思路:题目中已经有了源点S和汇点T,再添加附加源点SS和汇点TT,原图中的边的容量为INF(因为没有上限),若in[i]>0则SS向i连边容量为in[i],若in[i]<0则i向TT连边容量为-in[i],跑一次最大流,然后T向S连容量为INF的边,再跑一次最大流,判断SS的出边是否满流,若不满流则无解,否则有解输出边(T,S)的流量。
另外这类题看这里详解:点击打开链接
代码:
#include <iostream>
#include <functional>
#include <cstdio>
#include <cstring>
#include <algorithm>
#include <cmath>
#include <string>
#include <map>
#include <stack>
#include <vector>
#include <set>
#include <queue>
#pragma comment (linker,"/STACK:102400000,102400000")
#define pi acos(-1.0)
#define eps 1e-6
#define lson rt<<1,l,mid
#define rson rt<<1|1,mid+1,r
#define FRE(i,a,b) for(i = a; i <= b; i++)
#define FREE(i,a,b) for(i = a; i >= b; i--)
#define FRL(i,a,b) for(i = a; i < b; i++)
#define FRLL(i,a,b) for(i = a; i > b; i--)
#define mem(t, v) memset ((t) , v, sizeof(t))

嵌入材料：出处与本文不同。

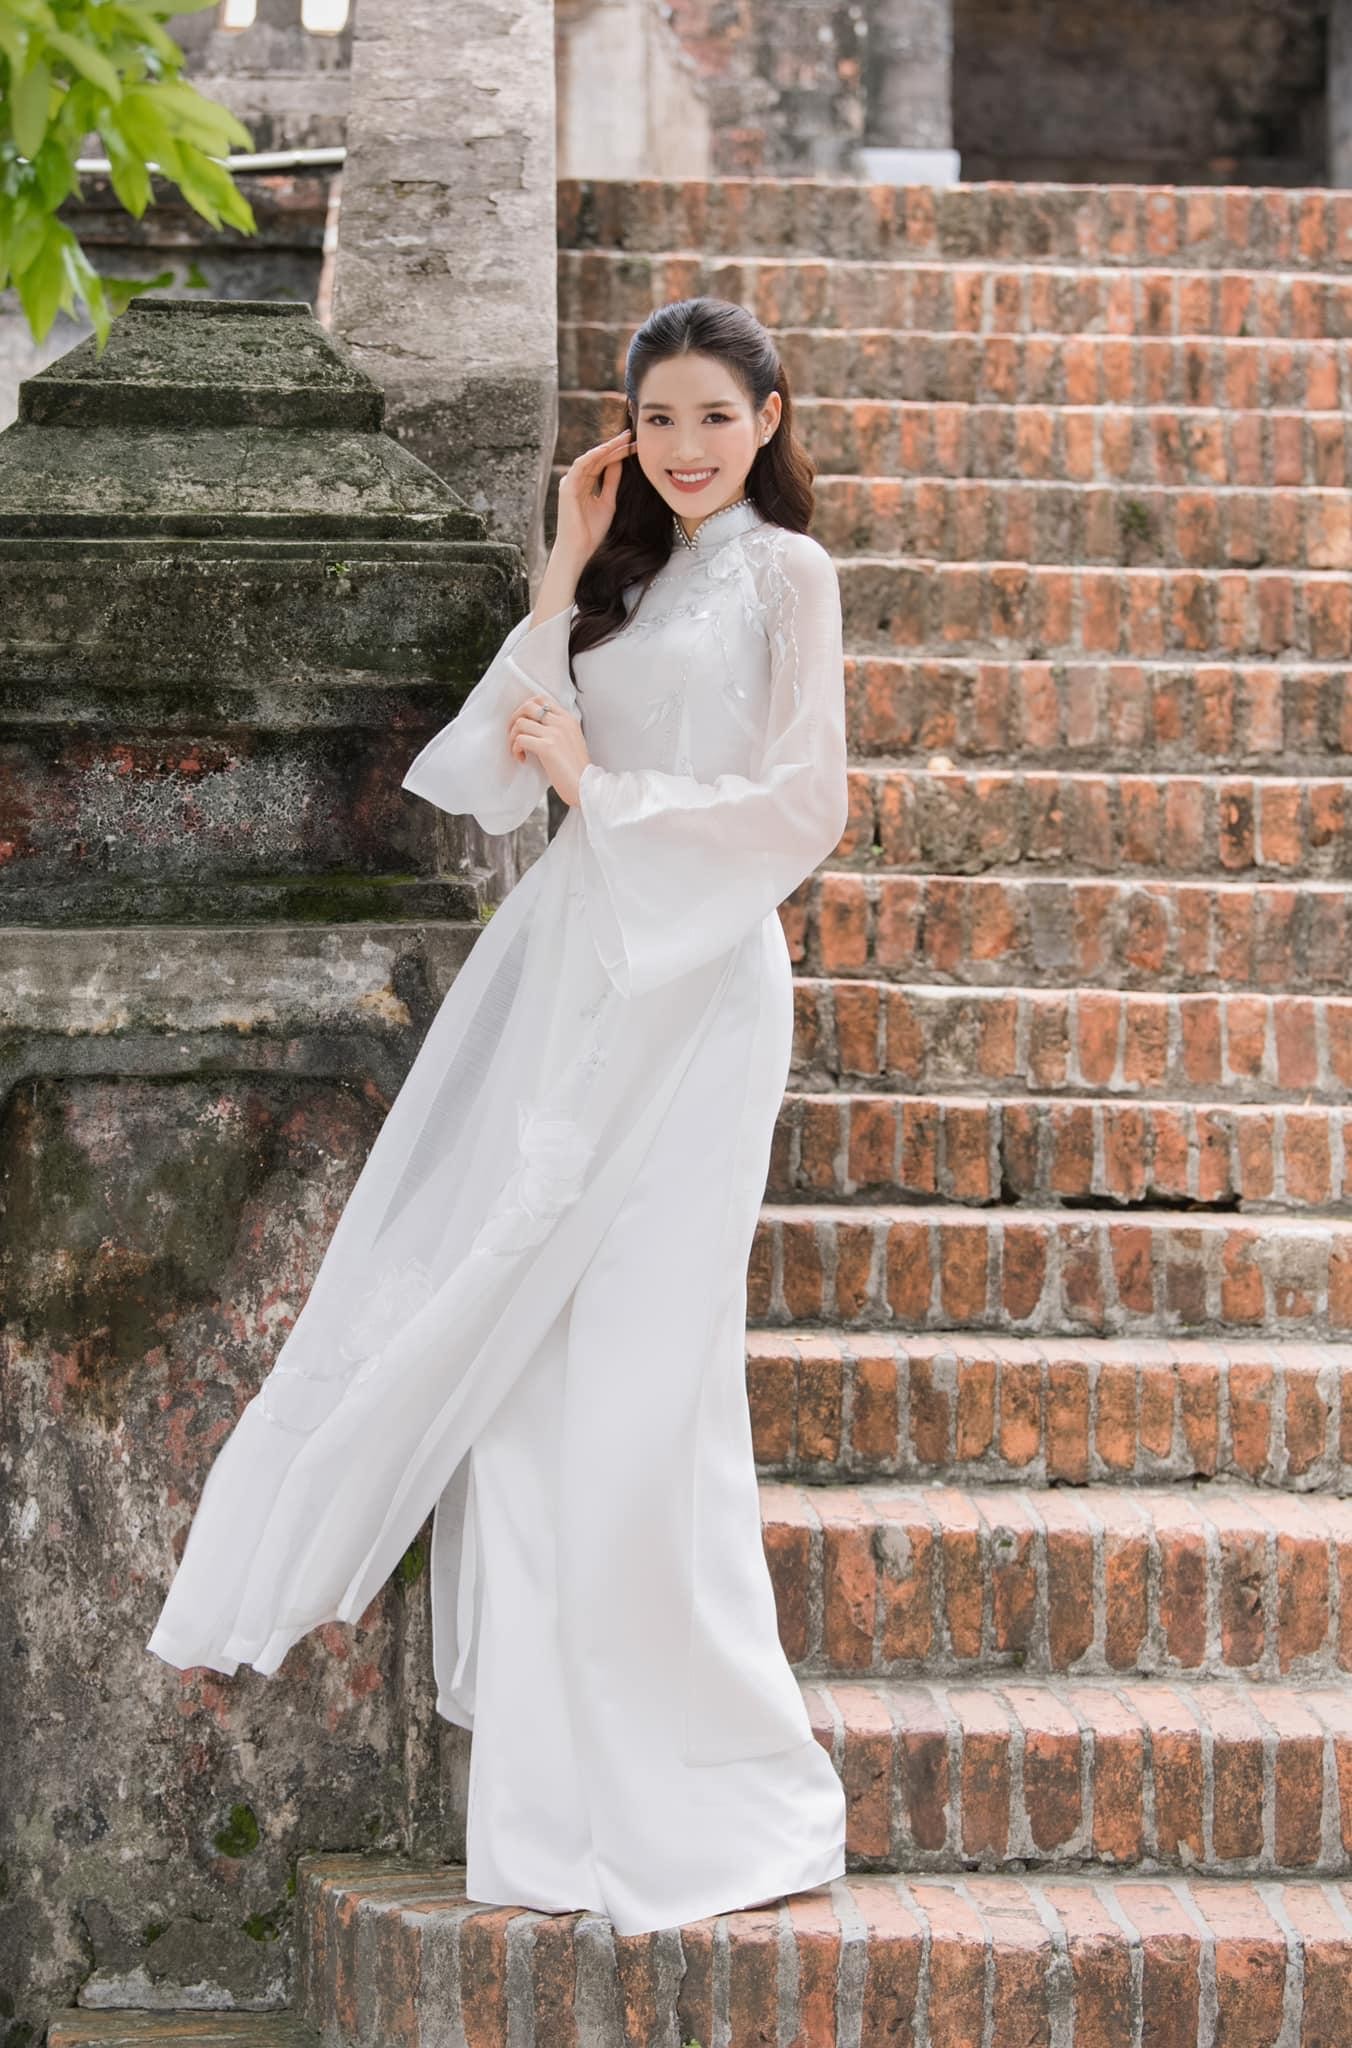 Hoa hậu Đỗ Thị Hà đẹp thuần khiết với áo dài trắng-4

#define sf(n) scanf("%d", &n)
#define sff(a,b) scanf("%d %d", &a, &b)
#define sfff(a,b,c) scanf("%d %d %d", &a, &b, &c)
#define pf printf
#define DBG pf("Hi\n")
typedef long long ll;
using namespace std;
#define INF 0x3f3f3f3f
#define mod 1000000009
const int maxn = 1005;
const int MAXN = 2005;
const int MAXM = 200010;
struct Edge
{
int to,next,cap,flow;
}edge[MAXM];
int tol;
int head[MAXN];
int gap[MAXN],dep[MAXN],pre[MAXN],cur[MAXN];
int n,m;
char s1[10],s2[10];
int in[MAXN];
int S,T,SS,TT;
void init()
{
tol=0;
memset(head,-1,sizeof(head));
memset(in,0,sizeof(in));
}
//加边,单向图三个参数,双向图四个参数
void addedge(int u,int v,int w,int rw=0)
{
edge[tol].to=v; edge[tol].cap=w; edge[tol].next=head[u];
edge[tol].flow=0; head[u]=tol++;
edge[tol].to=u; edge[tol].cap=rw; edge[tol].next=head[v];
edge[tol].flow=0; head[v]=tol++;
}
//输入参数:起点,终点,点的总数
//点的编号没有影响,只要输入点的总数
int sap(int start,int end,int N)
{
memset(gap,0,sizeof(gap));
memset(dep,0,sizeof(dep));
memcpy(cur,head,sizeof(head));
int u=start;
pre[u]=-1;
gap[0]=N;
int ans=0;
while (dep[start]<N)
{
if (u==end)
{
int Min=INF;
for (int i=pre[u];i!=-1;i=pre[edge[i^1].to])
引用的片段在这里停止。